'''

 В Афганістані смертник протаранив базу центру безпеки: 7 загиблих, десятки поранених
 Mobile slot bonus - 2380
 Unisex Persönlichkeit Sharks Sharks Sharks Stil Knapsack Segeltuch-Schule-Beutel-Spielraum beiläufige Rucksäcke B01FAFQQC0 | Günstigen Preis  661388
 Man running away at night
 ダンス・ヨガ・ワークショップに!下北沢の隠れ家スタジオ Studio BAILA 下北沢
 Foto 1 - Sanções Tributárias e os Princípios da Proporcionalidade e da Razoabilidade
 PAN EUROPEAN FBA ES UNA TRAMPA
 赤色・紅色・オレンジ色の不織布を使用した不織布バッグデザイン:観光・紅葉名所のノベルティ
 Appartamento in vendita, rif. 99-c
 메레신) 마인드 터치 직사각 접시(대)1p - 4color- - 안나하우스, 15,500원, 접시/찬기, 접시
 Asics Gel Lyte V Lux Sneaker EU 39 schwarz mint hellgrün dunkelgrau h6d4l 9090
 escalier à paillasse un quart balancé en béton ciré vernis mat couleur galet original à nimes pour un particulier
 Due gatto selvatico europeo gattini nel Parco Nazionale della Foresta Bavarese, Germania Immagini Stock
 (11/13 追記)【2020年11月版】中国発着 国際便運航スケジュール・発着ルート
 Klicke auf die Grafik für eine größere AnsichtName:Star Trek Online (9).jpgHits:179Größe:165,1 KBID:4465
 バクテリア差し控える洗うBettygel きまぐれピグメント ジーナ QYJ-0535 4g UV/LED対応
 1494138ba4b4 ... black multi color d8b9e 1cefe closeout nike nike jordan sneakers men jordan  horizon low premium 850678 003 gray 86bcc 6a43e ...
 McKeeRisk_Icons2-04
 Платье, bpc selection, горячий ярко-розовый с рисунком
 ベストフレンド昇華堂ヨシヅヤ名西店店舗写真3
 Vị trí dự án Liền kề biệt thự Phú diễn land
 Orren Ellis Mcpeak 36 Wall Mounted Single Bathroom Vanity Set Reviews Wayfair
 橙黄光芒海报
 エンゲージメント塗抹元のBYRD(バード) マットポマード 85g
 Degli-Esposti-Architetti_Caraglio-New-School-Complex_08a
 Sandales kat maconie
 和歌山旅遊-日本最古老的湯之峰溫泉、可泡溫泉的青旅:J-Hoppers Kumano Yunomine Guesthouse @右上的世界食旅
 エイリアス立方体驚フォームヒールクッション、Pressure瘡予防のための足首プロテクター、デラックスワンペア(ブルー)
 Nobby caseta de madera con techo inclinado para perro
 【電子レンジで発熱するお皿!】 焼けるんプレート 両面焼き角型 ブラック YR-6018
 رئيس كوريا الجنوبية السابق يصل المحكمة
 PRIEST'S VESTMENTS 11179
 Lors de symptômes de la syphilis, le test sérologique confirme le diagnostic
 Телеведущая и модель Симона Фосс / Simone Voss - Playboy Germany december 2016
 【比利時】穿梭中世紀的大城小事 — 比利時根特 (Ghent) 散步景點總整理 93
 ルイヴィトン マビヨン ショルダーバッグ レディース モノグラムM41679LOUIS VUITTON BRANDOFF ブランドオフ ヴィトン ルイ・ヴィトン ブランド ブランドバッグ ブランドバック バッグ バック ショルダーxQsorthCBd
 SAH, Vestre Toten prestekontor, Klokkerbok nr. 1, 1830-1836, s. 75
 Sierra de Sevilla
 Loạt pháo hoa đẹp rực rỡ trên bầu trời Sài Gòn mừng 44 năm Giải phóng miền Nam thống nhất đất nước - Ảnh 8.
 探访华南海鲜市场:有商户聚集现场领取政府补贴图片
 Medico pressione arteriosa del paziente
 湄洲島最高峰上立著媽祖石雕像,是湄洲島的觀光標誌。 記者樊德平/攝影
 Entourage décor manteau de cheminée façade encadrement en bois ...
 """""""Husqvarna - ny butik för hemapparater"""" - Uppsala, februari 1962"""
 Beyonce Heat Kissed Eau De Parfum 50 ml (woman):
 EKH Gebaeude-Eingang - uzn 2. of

'''

Brief: Give back all the records above exactly. Keep every word.

Output of the task:
 В Афганістані смертник протаранив базу центру безпеки: 7 загиблих, десятки поранених
 Mobile slot bonus - 2380
 Unisex Persönlichkeit Sharks Sharks Sharks Stil Knapsack Segeltuch-Schule-Beutel-Spielraum beiläufige Rucksäcke B01FAFQQC0 | Günstigen Preis  661388
 Man running away at night
 ダンス・ヨガ・ワークショップに!下北沢の隠れ家スタジオ Studio BAILA 下北沢
 Foto 1 - Sanções Tributárias e os Princípios da Proporcionalidade e da Razoabilidade
 PAN EUROPEAN FBA ES UNA TRAMPA
 赤色・紅色・オレンジ色の不織布を使用した不織布バッグデザイン:観光・紅葉名所のノベルティ
 Appartamento in vendita, rif. 99-c
 메레신) 마인드 터치 직사각 접시(대)1p - 4color- - 안나하우스, 15,500원, 접시/찬기, 접시
 Asics Gel Lyte V Lux Sneaker EU 39 schwarz mint hellgrün dunkelgrau h6d4l 9090
 escalier à paillasse un quart balancé en béton ciré vernis mat couleur galet original à nimes pour un particulier
 Due gatto selvatico europeo gattini nel Parco Nazionale della Foresta Bavarese, Germania Immagini Stock
 (11/13 追記)【2020年11月版】中国発着 国際便運航スケジュール・発着ルート
 Klicke auf die Grafik für eine größere AnsichtName:Star Trek Online (9).jpgHits:179Größe:165,1 KBID:4465
 バクテリア差し控える洗うBettygel きまぐれピグメント ジーナ QYJ-0535 4g UV/LED対応
 1494138ba4b4 ... black multi color d8b9e 1cefe closeout nike nike jordan sneakers men jordan  horizon low premium 850678 003 gray 86bcc 6a43e ...
 McKeeRisk_Icons2-04
 Платье, bpc selection, горячий ярко-розовый с рисунком
 ベストフレンド昇華堂ヨシヅヤ名西店店舗写真3
 Vị trí dự án Liền kề biệt thự Phú diễn land
 Orren Ellis Mcpeak 36 Wall Mounted Single Bathroom Vanity Set Reviews Wayfair
 橙黄光芒海报
 エンゲージメント塗抹元のBYRD(バード) マットポマード 85g
 Degli-Esposti-Architetti_Caraglio-New-School-Complex_08a
 Sandales kat maconie
 和歌山旅遊-日本最古老的湯之峰溫泉、可泡溫泉的青旅:J-Hoppers Kumano Yunomine Guesthouse @右上的世界食旅
 エイリアス立方体驚フォームヒールクッション、Pressure瘡予防のための足首プロテクター、デラックスワンペア(ブルー)
 Nobby caseta de madera con techo inclinado para perro
 【電子レンジで発熱するお皿!】 焼けるんプレート 両面焼き角型 ブラック YR-6018
 رئيس كوريا الجنوبية السابق يصل المحكمة
 PRIEST'S VESTMENTS 11179
 Lors de symptômes de la syphilis, le test sérologique confirme le diagnostic
 Телеведущая и модель Симона Фосс / Simone Voss - Playboy Germany december 2016
 【比利時】穿梭中世紀的大城小事 — 比利時根特 (Ghent) 散步景點總整理 93
 ルイヴィトン マビヨン ショルダーバッグ レディース モノグラムM41679LOUIS VUITTON BRANDOFF ブランドオフ ヴィトン ルイ・ヴィトン ブランド ブランドバッグ ブランドバック バッグ バック ショルダーxQsorthCBd
 SAH, Vestre Toten prestekontor, Klokkerbok nr. 1, 1830-1836, s. 75
 Sierra de Sevilla
 Loạt pháo hoa đẹp rực rỡ trên bầu trời Sài Gòn mừng 44 năm Giải phóng miền Nam thống nhất đất nước - Ảnh 8.
 探访华南海鲜市场:有商户聚集现场领取政府补贴图片
 Medico pressione arteriosa del paziente
 湄洲島最高峰上立著媽祖石雕像,是湄洲島的觀光標誌。 記者樊德平/攝影
 Entourage décor manteau de cheminée façade encadrement en bois ...
 """""""Husqvarna - ny butik för hemapparater"""" - Uppsala, februari 1962"""
 Beyonce Heat Kissed Eau De Parfum 50 ml (woman):
 EKH Gebaeude-Eingang - uzn 2. of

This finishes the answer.